Princeton in Fall
Life has been busy.
There are school things.
I'm TAing this semester, the introductory programming course, which is called rather unspecifically "General Computer Science". I'm responsible for a "precept" (discussion section) of bright-eyed and bushy-tailed undergrads who are being taken on a super-fast-paced tour through everything in CS. In Java. Standing in front of a class is not nearly as difficult as I had thought it might be. My students are all really nice and smart and hard-working, and they ask lots of really good questions during class, and the light-speed pace of the class means that none of the material really sinks in enough for them to start asking hard questions.

Teaching is taking up almost all of my time.
I'm taking one course, algebraic methods in combinatorics. The mathematicians are startled that so many computer scientists have infiltrated their tower. The book, "Linear Algebra Methods in Combinatorics" is just one check for $30.15 to the University of Chicago away from your doorstep and is really beautiful.
I'm also taking introductory Russian, on the solemn promise to myself that I wouldn't work too hard in it. (Princeton offers neither Hungarian nor Norwegian, and Spanish was full.) I now know how to write my name in Cyrillic (Надя). Learning to write cursive Cyrillic is kind of a mind-bending experience: 't' is written 'm', 'd' is written 'g', that backwards N is written 'u' and pronounced 'i', that sort of thing. I'm recognizing a lot of words that must have been borrowed into Hungarian from Russian. In fact, it's extremely difficult to overcome the urge to speak Hungarian all the time while in Russian class.
But in actuality, I'm doing super-important research. Yeah.

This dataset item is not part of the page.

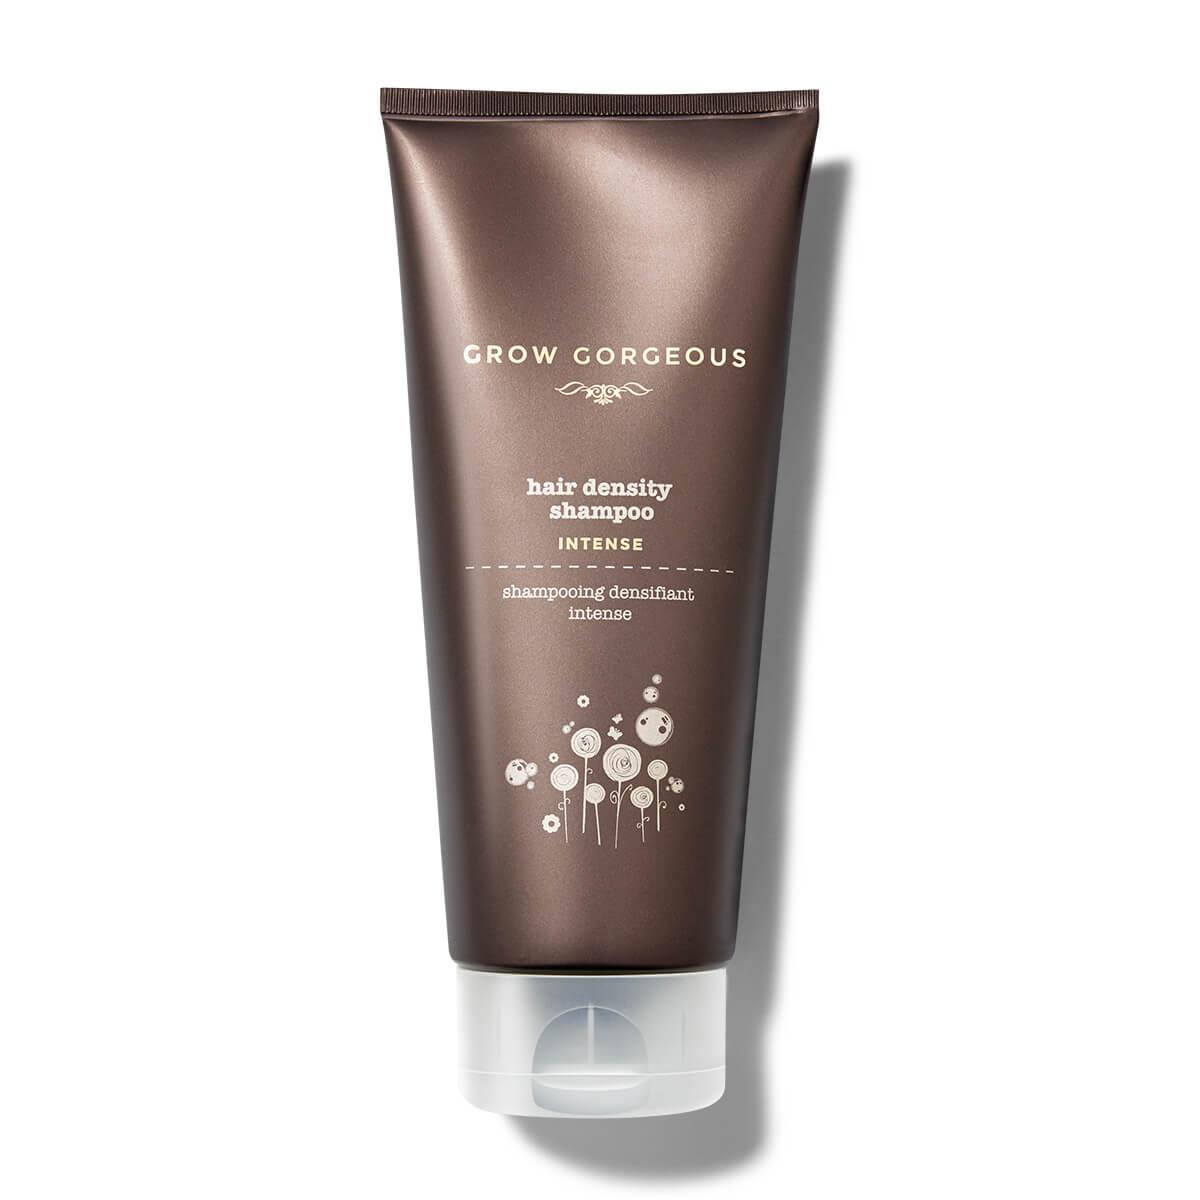 Grow Gorgeous + Hair Density Shampoo Intense

I've started to get regular migraines. This is not pleasant. I've also been sleeping 10, 12, 16 hours a day, which oddly enough becomes as commendable to fellow grad students as sleep deprivation used to be. "Way to just... check out."
Last weekend I cut off about a foot of hair, taking it back to tailbone length. I did this by taking a pair of scissors to a party.
I have my own room in the old graduate college, and for the first time in a year and a half, some actual items of furniture that I own myself. Theoretically, my room could sleep up to six people on soft surfaces, so you should all come visit me.

This is Princeton. I live in a castle. My room overlooks the main courtyard and tower.

It's really quite pleasant when the construction isn't going on both sides of my room.
I eat breakfast and dinner every day in Proctor hall, which is really too magnificent for the food that is served in it. Last Thursday our dinner clique dressed up in our nicest clothes for dinner, thoroughly confusing many grad students who had difficulty understanding "just because".

I've been dancing a lot: the international social at Ballroom on Fifth, tango in Central Park, Millennium Hustle, tango in Philadelphia, ballroom lessons on Monday, tango lessons on Thursday. I own more pairs of dancing shoes than I do street shoes.
The weather is slipping gently into fall. It was late summer when I arrived, humid, warm, crickets and cicadas and birds and squirrels blending into a constant hum day and night, one particularly spectacular thunderstorm that took out the power for a good portion of the evening. The near-freezing temperatures that came along with the snowstorm that took out upstate New York last week appear to have quieted the last of the crickets.

The leaves have begun to turn.
When it's sunny it's like a blessing, these absolutely sparkling fall days that are not humid, not warm, not cold, just perfect. We went for a ride along the tow path on one of these.